American Eagle Outfitters topped Street expectations in its first quarter boosted by continuing strong demand for its intimate apparel brand, Aerie.

“After starting a body positivity movement, Aerie is posting record growth rates and striking a real emotional connection with its expanding customer base,” stated American Eagle CEO Jay Schottenstein.

The teen apparel retailer reported net income of $39.9 million, or 22 cents per share, for the quarter ended May 5, up from $25.2 million, or 14 cents per share, during the same period last year. Adjusted earnings per share increased 44% to $0.23, just beating Street estimates.

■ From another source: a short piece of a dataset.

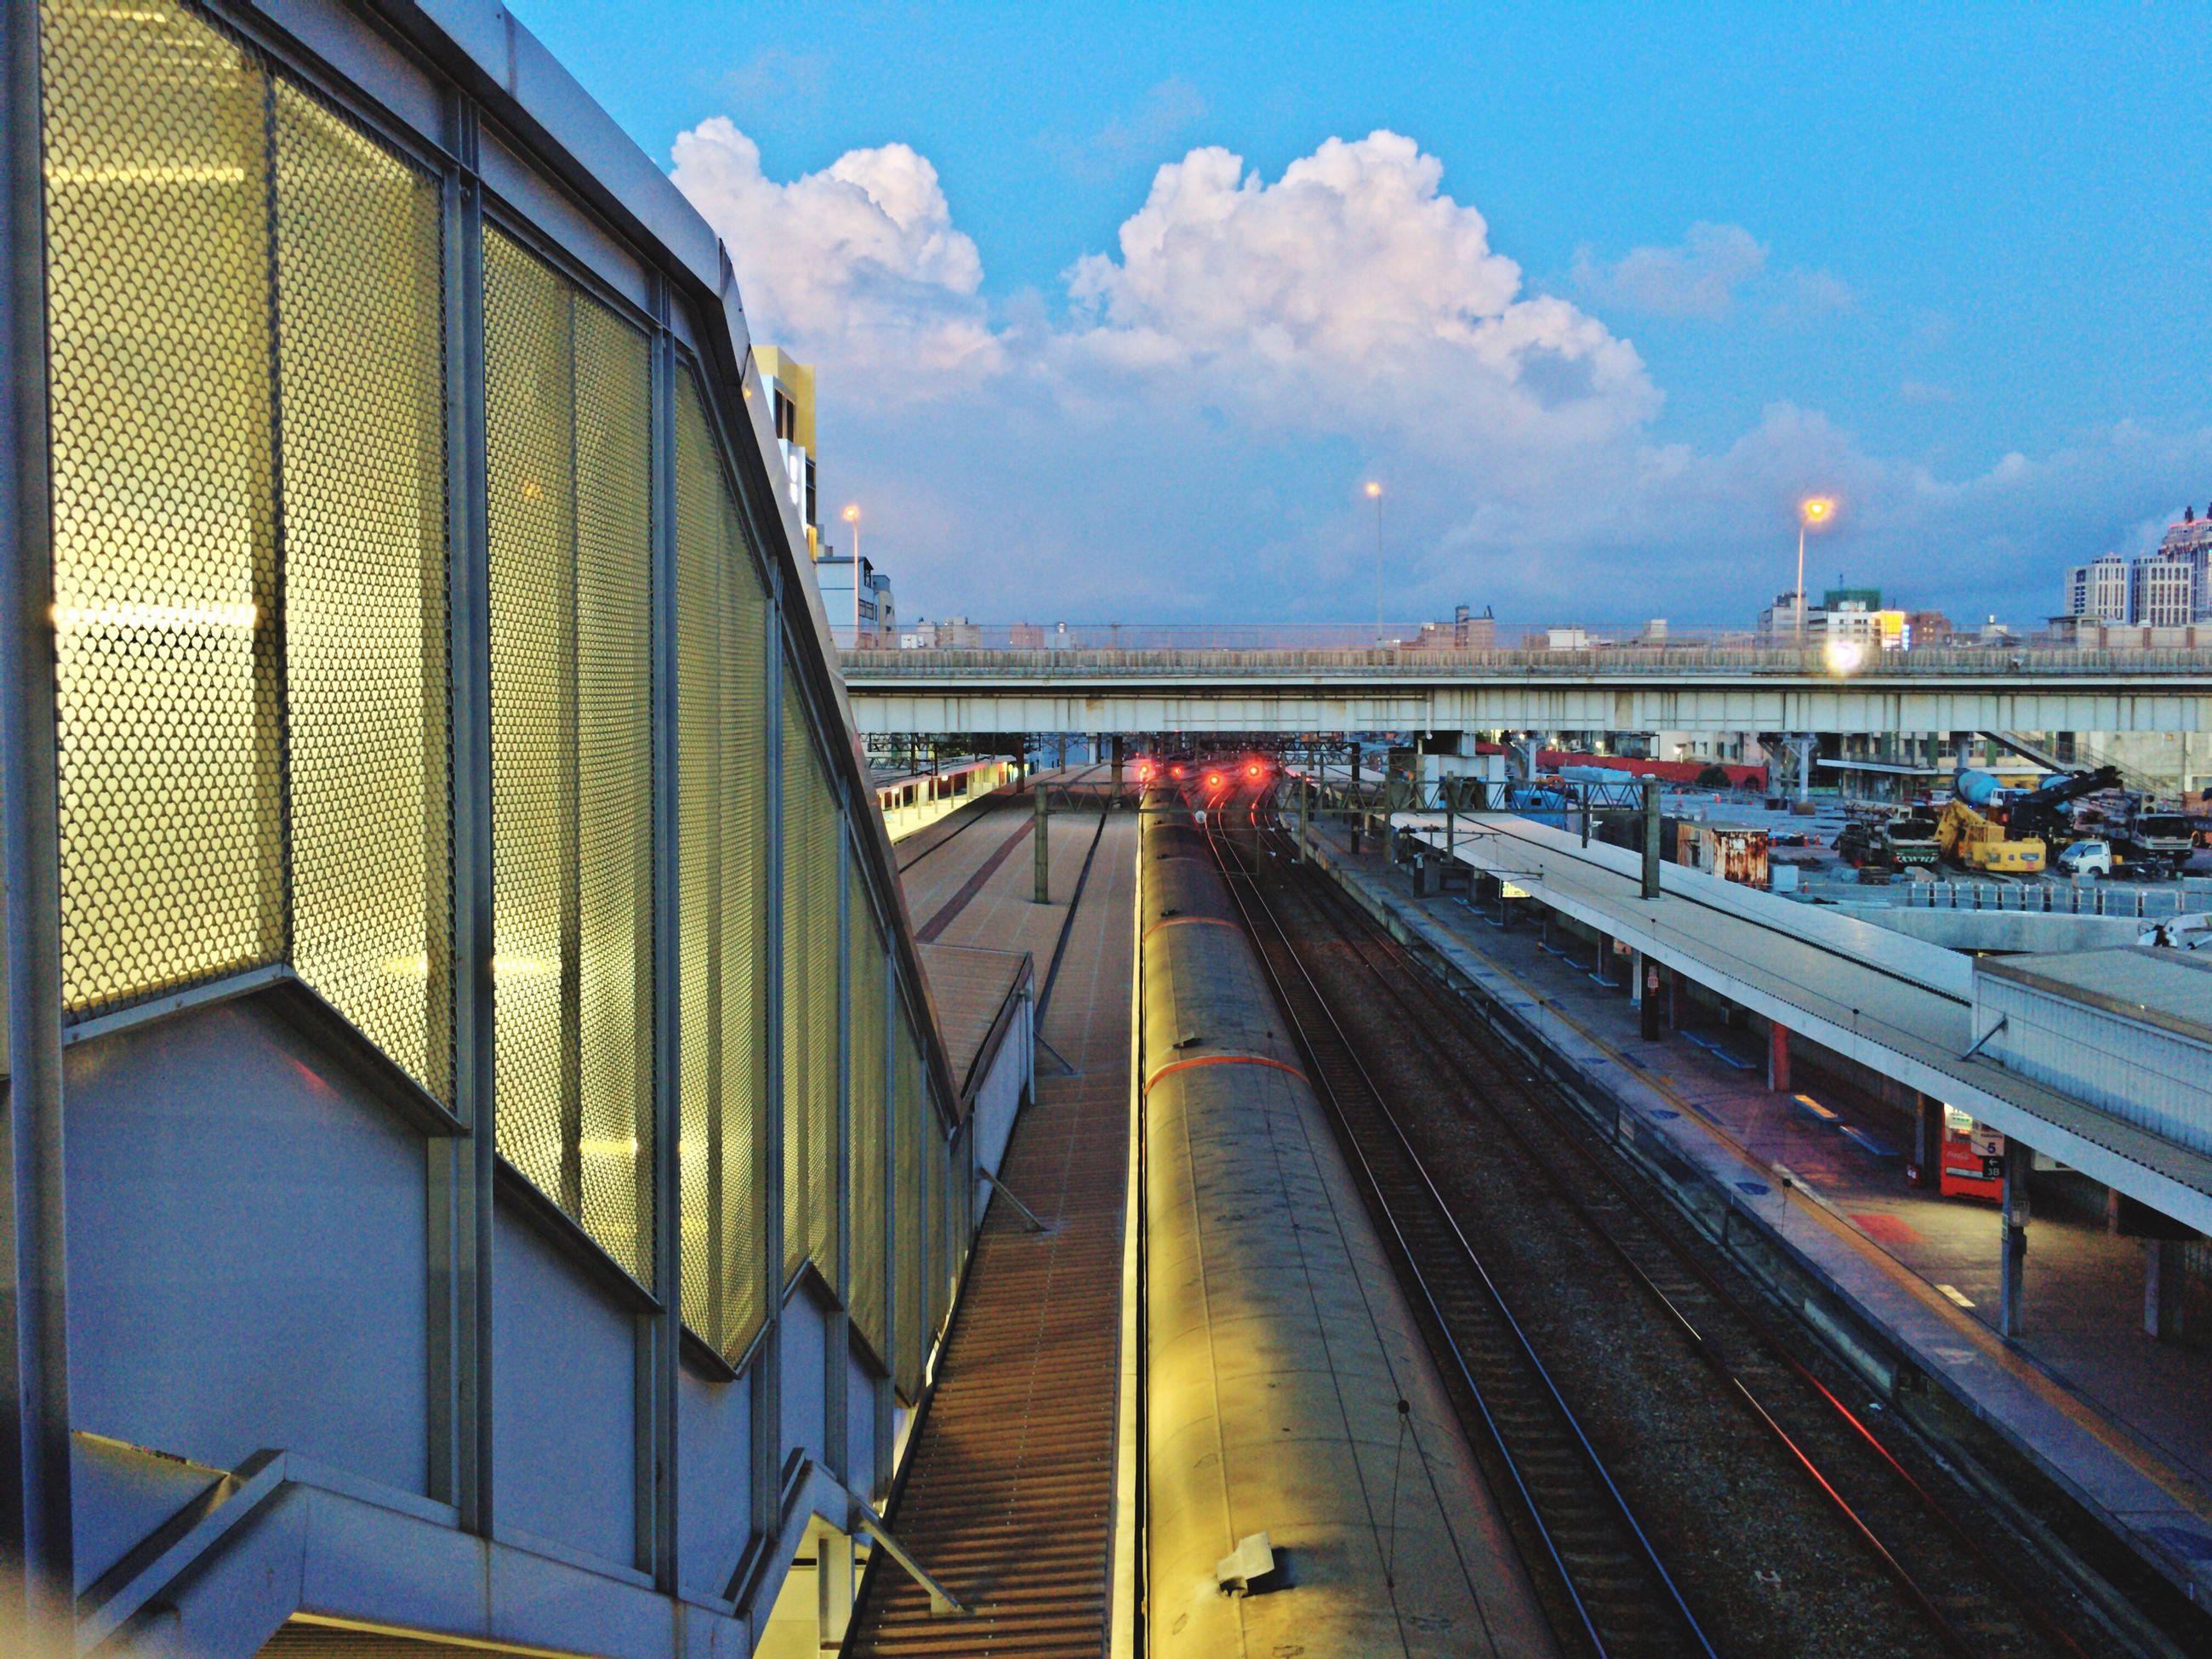 transportation, sky, rail transportation, railroad track, public transportation, mode of transport, built structure, train - vehicle, cloud - sky, architecture, no people, outdoors, day, building exterior

Total net revenue increased 8% to $823 million, better than analysts expected. Total same-store sales rose 9%. By brand, American Eagle’s comparable sales increased 4% and Aerie’s comparable sales jumped 38%.

“Strong growth from Aerie is nothing new,” commented Neil Saunders, managing director, GlobalData Retail. “However, a 38% uplift in same-store sales off the back of a 25% increase in the prior year is very impressive. In our view, Aerie's inclusive marketing and proposition continue to resonate with consumers, probably more so now than ever before. This is allowing it to take share from Victoria's Secret and from troubled channels like department stores.”

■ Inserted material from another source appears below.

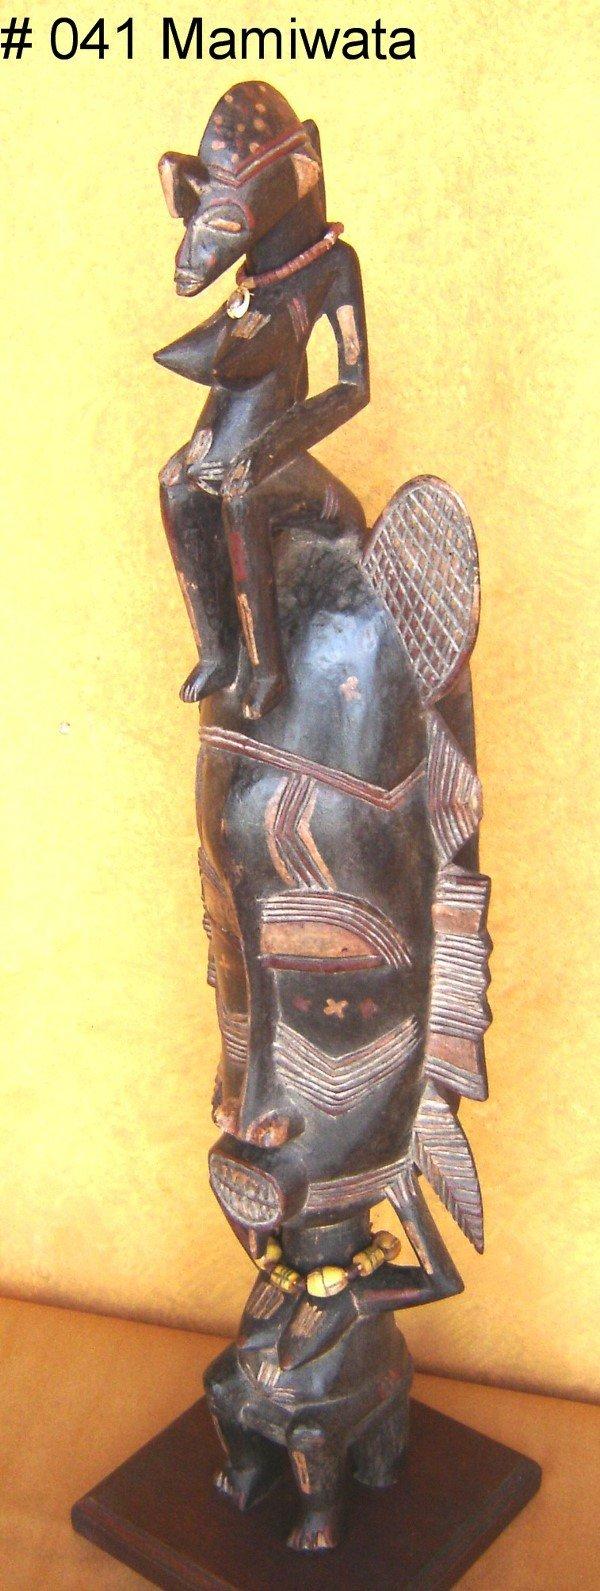 817: MAMIWATA STANDING MASK SENUFO TRIBE IVORY COAST

In his statement, Schottenstein noted that the first quarter marked America Eagle’s 13th consecutive quarter of positive comparable sales, leading to an increased operating margin and earnings growth. In addition to Aerie, he cited the chain’s “dominant” jeans business as contributing to growth.

“We are highly focused on our strategic plan, centered on expanding American Eagle, accelerating Aerie’s growth, elevating the customer experience and delivering strong financial returns,” he said.